Our father, middle brother, and an occasional friend would join us now and then. But something in other people’s brains sent them bustling off to more quantifiable endeavors before the real rhythm of catch ever took hold. True catch-playing takes place in a double limbo between busyness and idleness, and between the imaginary and the real. As with any contemplative pursuit, it takes time, and the ability to forget time, to slip into this dual limbo and discover (i.e. lose) oneself in the music of the game.
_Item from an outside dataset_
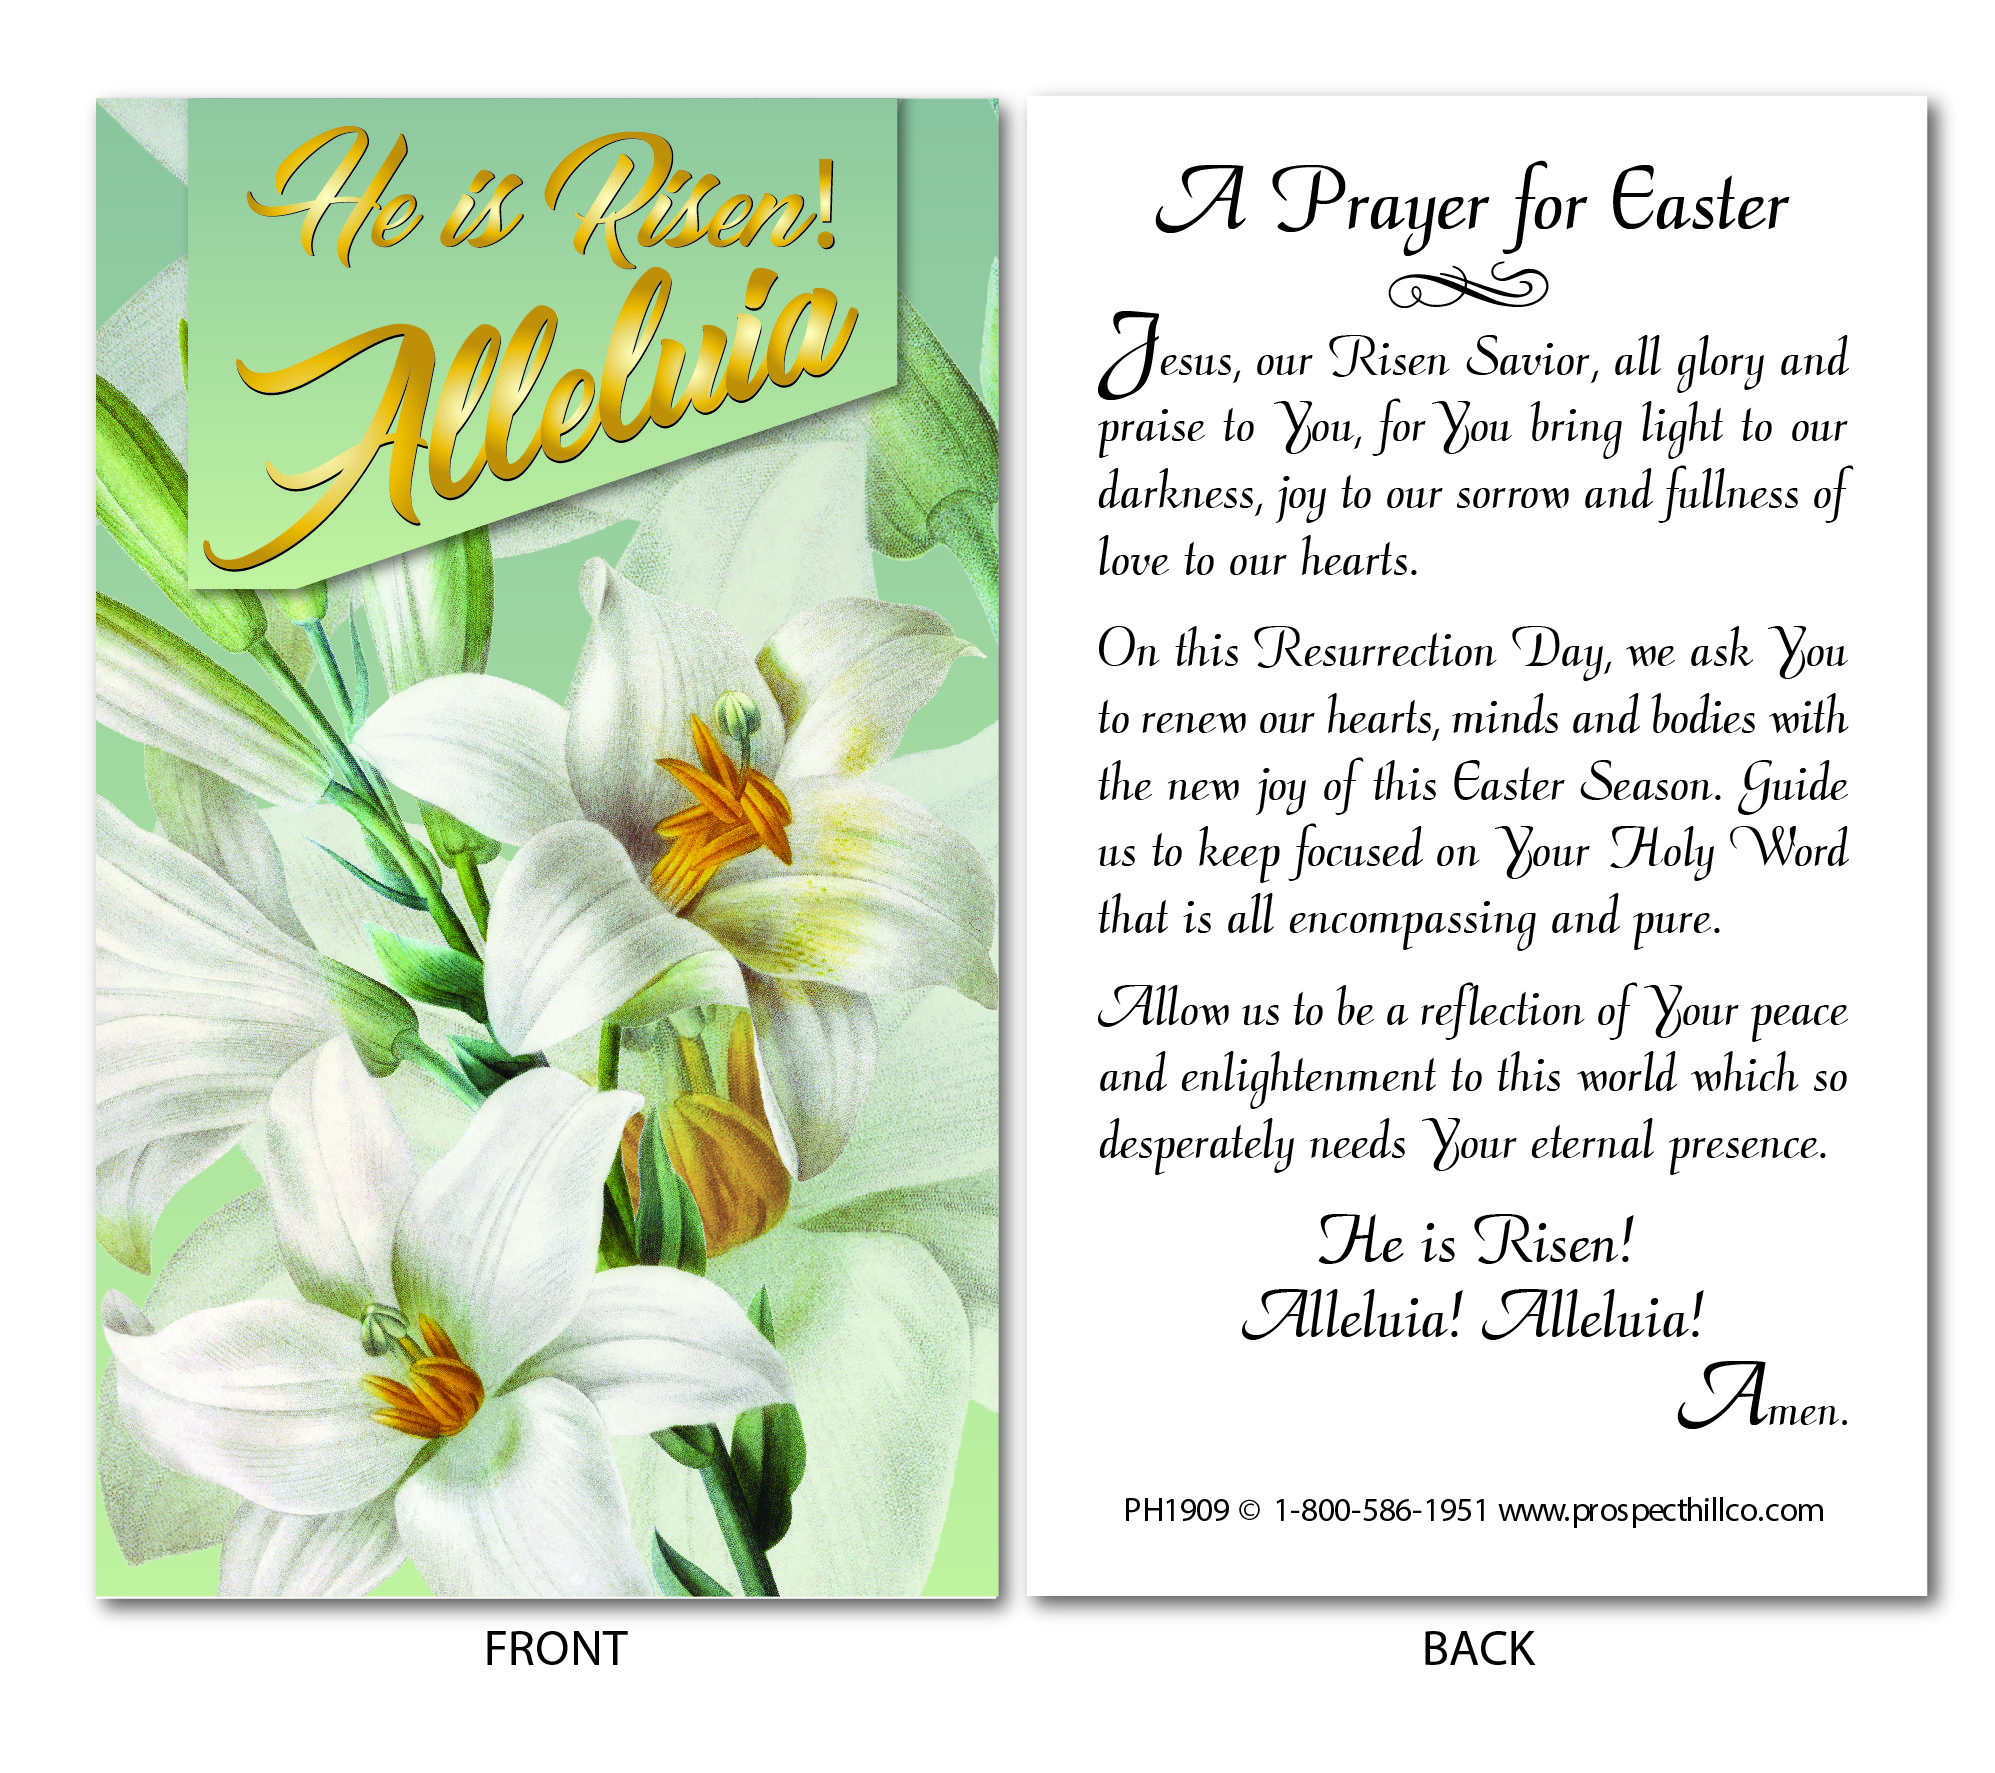 Download A Prayer for Easter (100 Count) - Prospect Hill Co.

It helps to have a special spot to play. Ours was a shaded, ninety-foot corridor between our northern neighbor’s apple orchard and our southern neighbor’s stand of old-growth Douglas fir, atop a stretch of lawn so lush and mossy it sucked the heat out of even the hottest grounders. I always stood in the north, John in the south. When I chased his wild throws into the orchard I’d often hide the ball in my shirt and fire back a Gravenstein, leaving John to judge in mid-air whether it was fit to catch and eat, or an overripe rotter about to explode in his mitt. When he chased my dud pegs into the firs, he would give me an innocent, uncomplaining smile as he trotted back into position—then rifle a palmed dirt clod or rock at my head.
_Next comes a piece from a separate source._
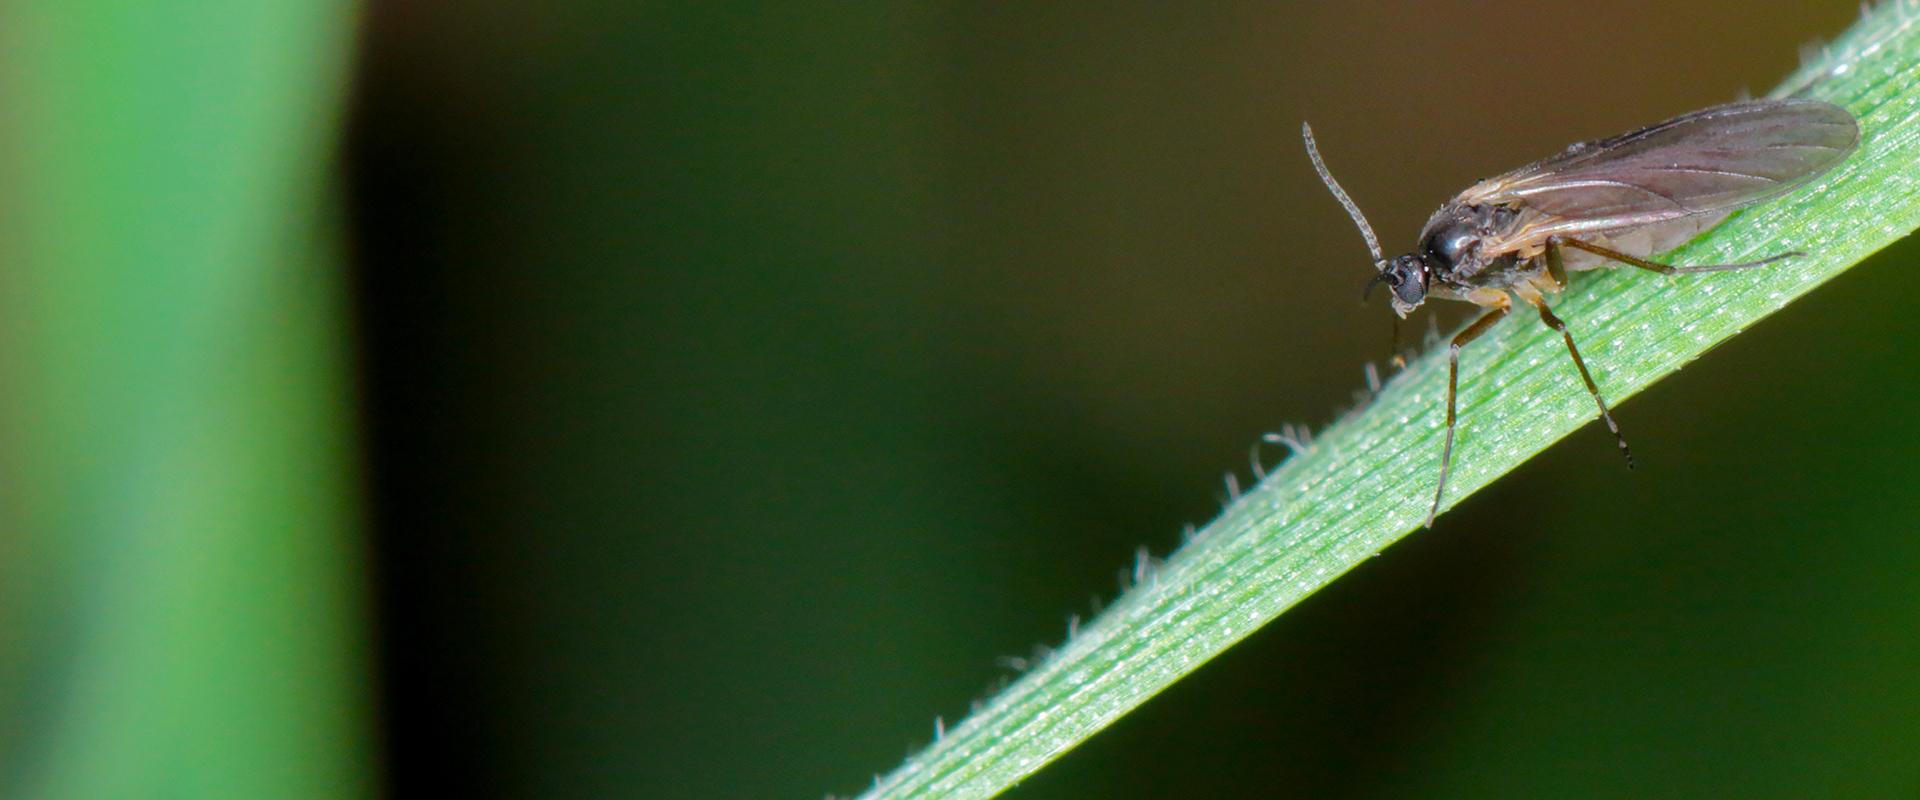 fungus gnat on a blade of grass

But such antics were the exception. Our corridor’s deep shade, gigantic firs, and mossy footing made it more conducive to mental vacationing than to boisterousness. A vigorous serenity was the rule. We might call balls and strikes for an imaginary inning or two, throw each other a few pop-ups and grounders, or maybe count consecutive errorless catches and throws (three-hundreds were common, and our record was high in the eights-). But as our movements grew fluid and our throws brisk and accurate, the pretense of practice inevitably faded and we’d just aim for the chest and fire, hisssss pop! hisssss pop!, till a meal, a duty, or total darkness forced us to recall that this is the world in which even timeless pursuits come to an end.
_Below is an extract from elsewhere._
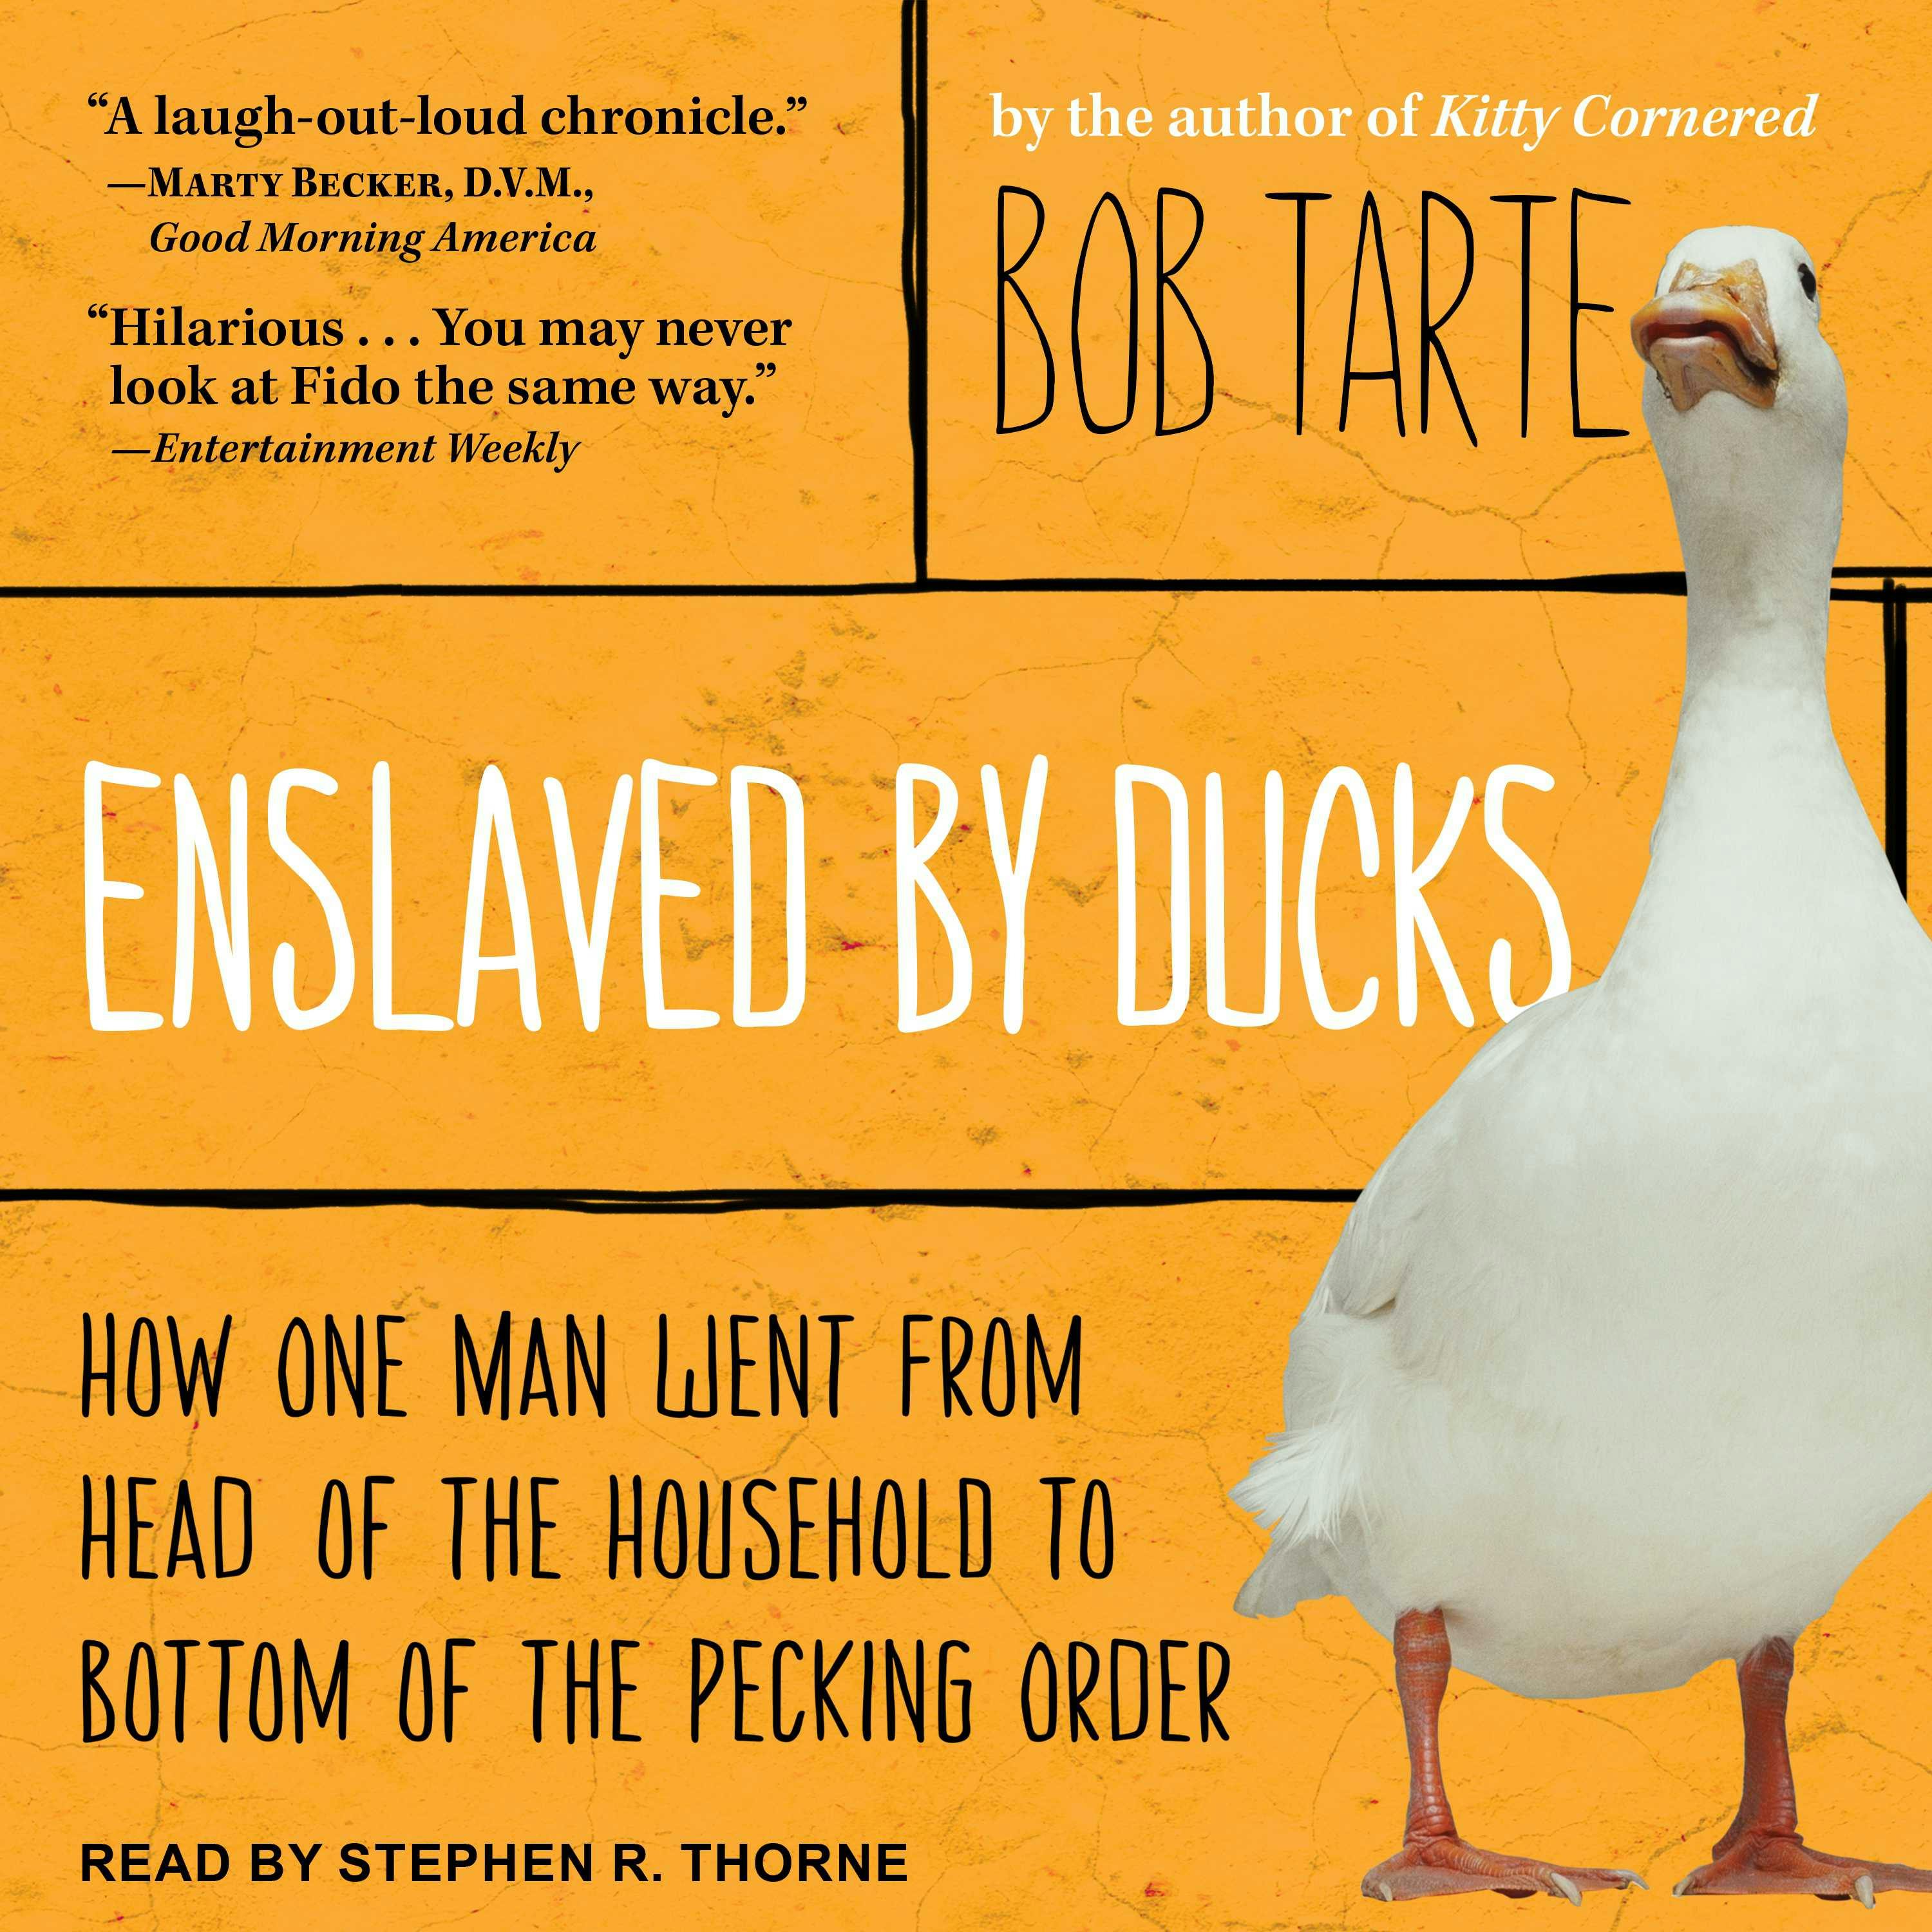 Enslaved by Ducks: How One Man Went from Head of the Household to Bottom of the Pecking Order - Bob Tarte

Our talk must have seemed addled to eavesdroppers. We lived in our bodies during catch; our minds and mouths, though still operative, were just along for the ride. Most of the noise I made was with the four or five pieces of Bazooka I was invariably working over, though once the gum lost its sugar I’d sometimes narrate our efforts in a stream-of-doggerel, nonsensical play-by-play. John’s speech was more coherent but of no greater didactic intent: he usually poured out litanies of idle Yankee worship, or even idler braggadocio a la Dizzy Dean, all of it artfully spiced with spat sunflower seed husks.

Dan Jenkins defined catch-players perfectly when he spoke of athletes who “mostly like to stand around, chew things, spit, and scratch their nuts.” Not too complimentary a definition, perhaps, yet from the catch-playing point of view, what are the alternatives? Why run around wrecking the world for pay when you could be standing in one place transcending time? Why chew Rolaids, swallow your spit, and feel too inhibited to scratch where it itches when you could be chewing Day’s Work or Double Bubble, thooting out end-over-enders, easing the itch, and firing off hisses and pops? Whatever he really meant, Yogi Berra defended catch-players best the time he said, “If ya can’t copy ‘em, don’t imitate ‘em.”